#### Task prompt:
With the images removed, return every line below exactly as it reads.

#### Stored data:
Segment Open

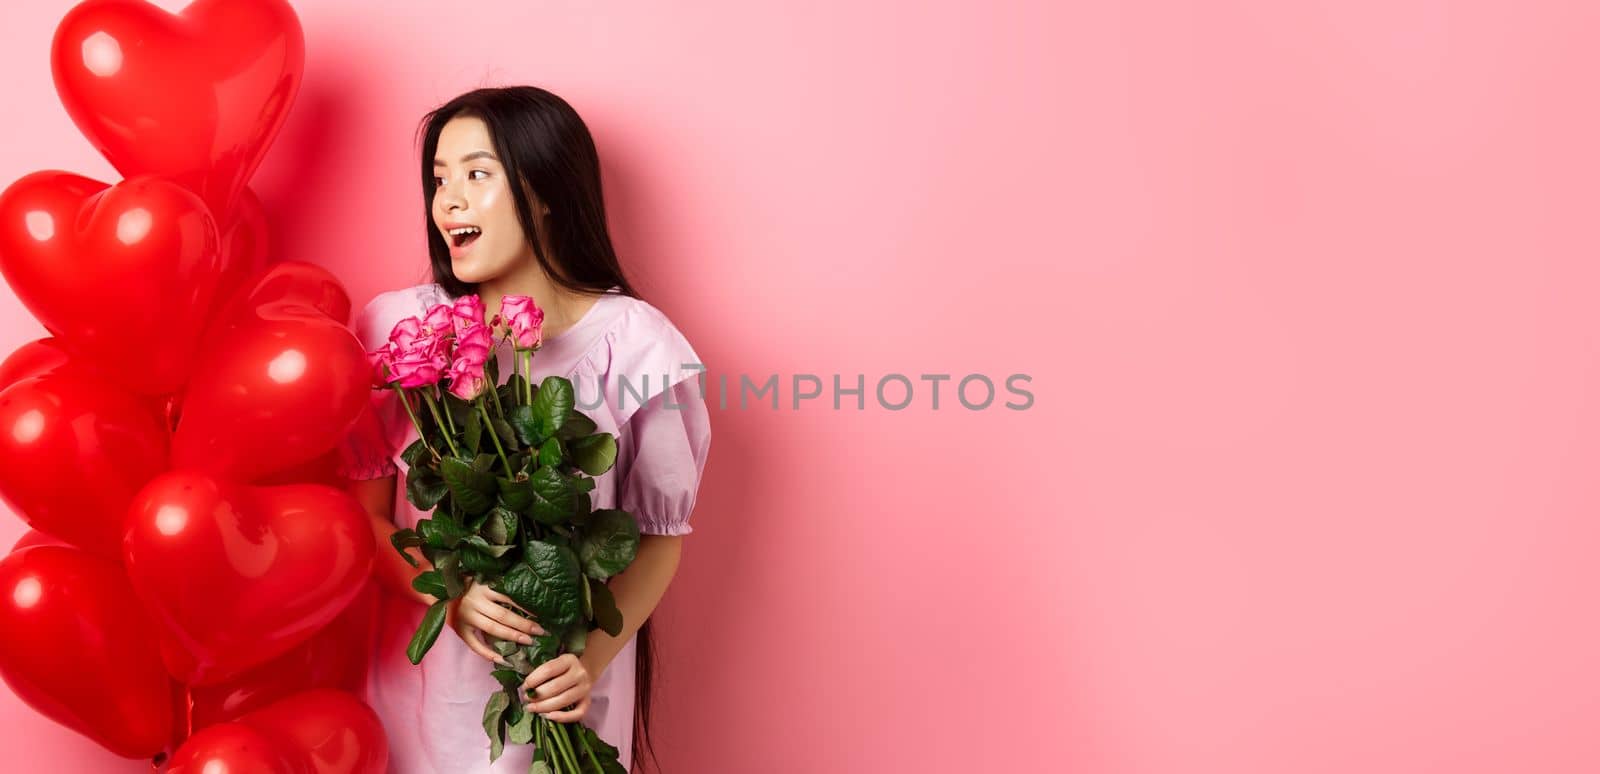 Portrait of asian teenage girl in love, holding flowers and looking at valentines day heart balloons, being on romantic date, pink background.
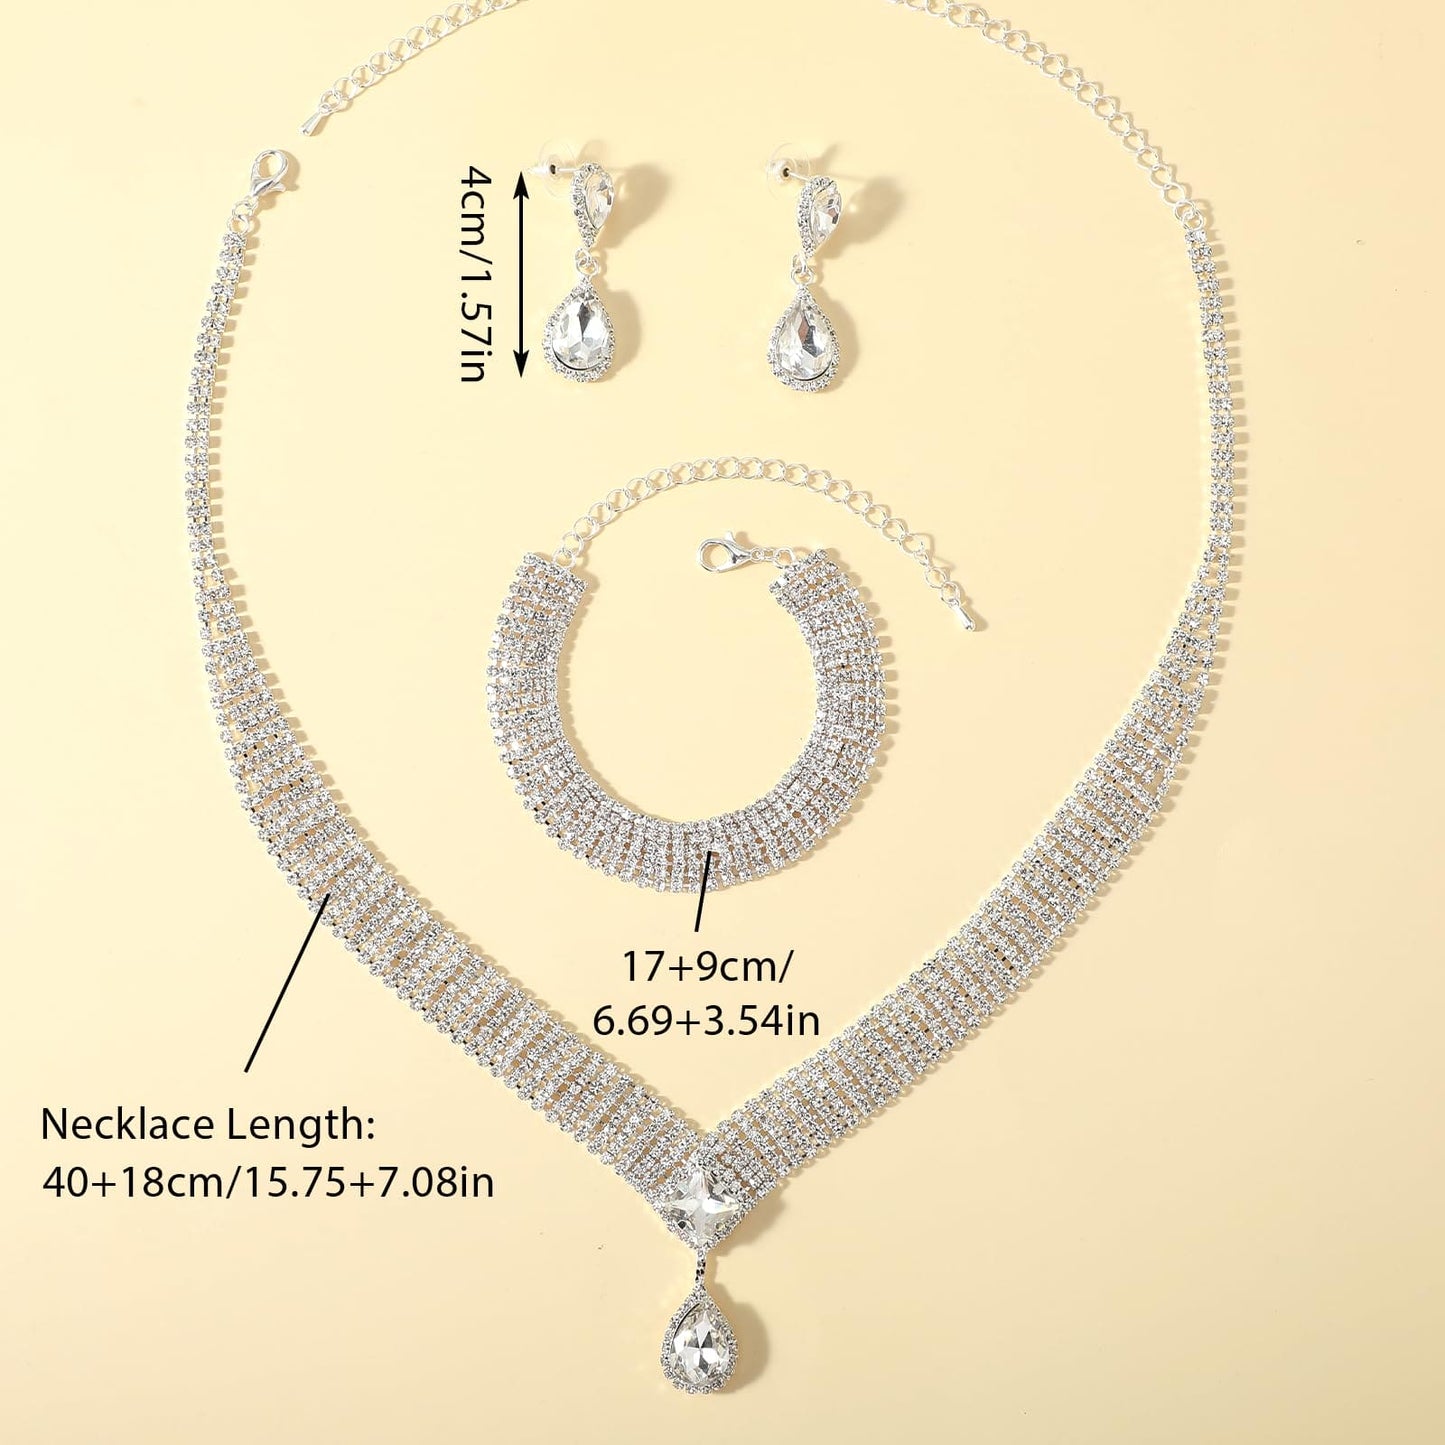 3 Pcs Silver Sparkly Jewelry Set Rhinestone Necklace and Bracelet Set Crystal Necklace Bracelet Teardrop Earrings Sets for Bridal Bridesmaid Formal Wedding Dainty Sparkly Necklaces for Women
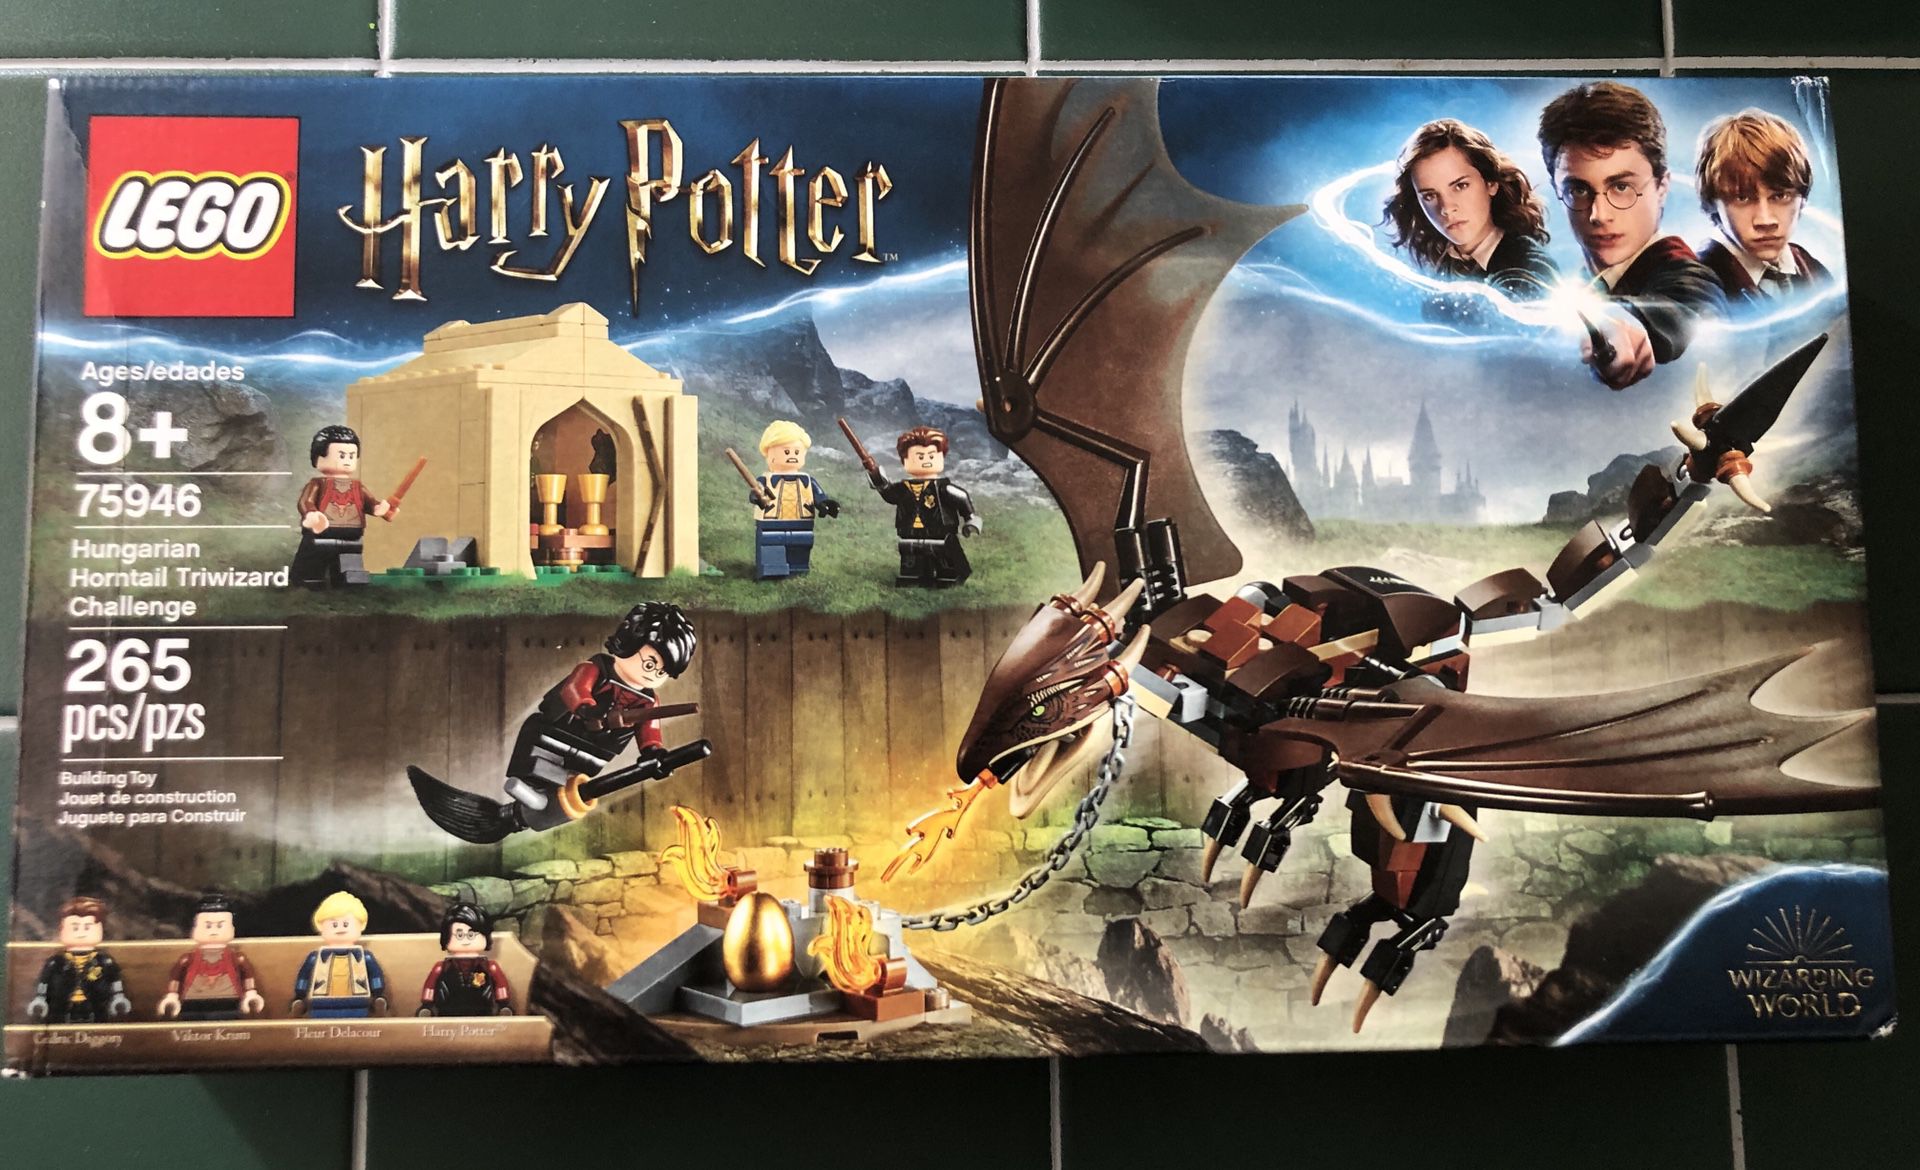 $25 LEGO Harry Potter Hungarian Horntail Triwizard Challenge 75946 (265 Pieces)

Segment Closed

#### Task response:
 Portrait of asian teenage girl in love, holding flowers and looking at valentines day heart balloons, being on romantic date, pink background.
 3 Pcs Silver Sparkly Jewelry Set Rhinestone Necklace and Bracelet Set Crystal Necklace Bracelet Teardrop Earrings Sets for Bridal Bridesmaid Formal Wedding Dainty Sparkly Necklaces for Women
 $25 LEGO Harry Potter Hungarian Horntail Triwizard Challenge 75946 (265 Pieces)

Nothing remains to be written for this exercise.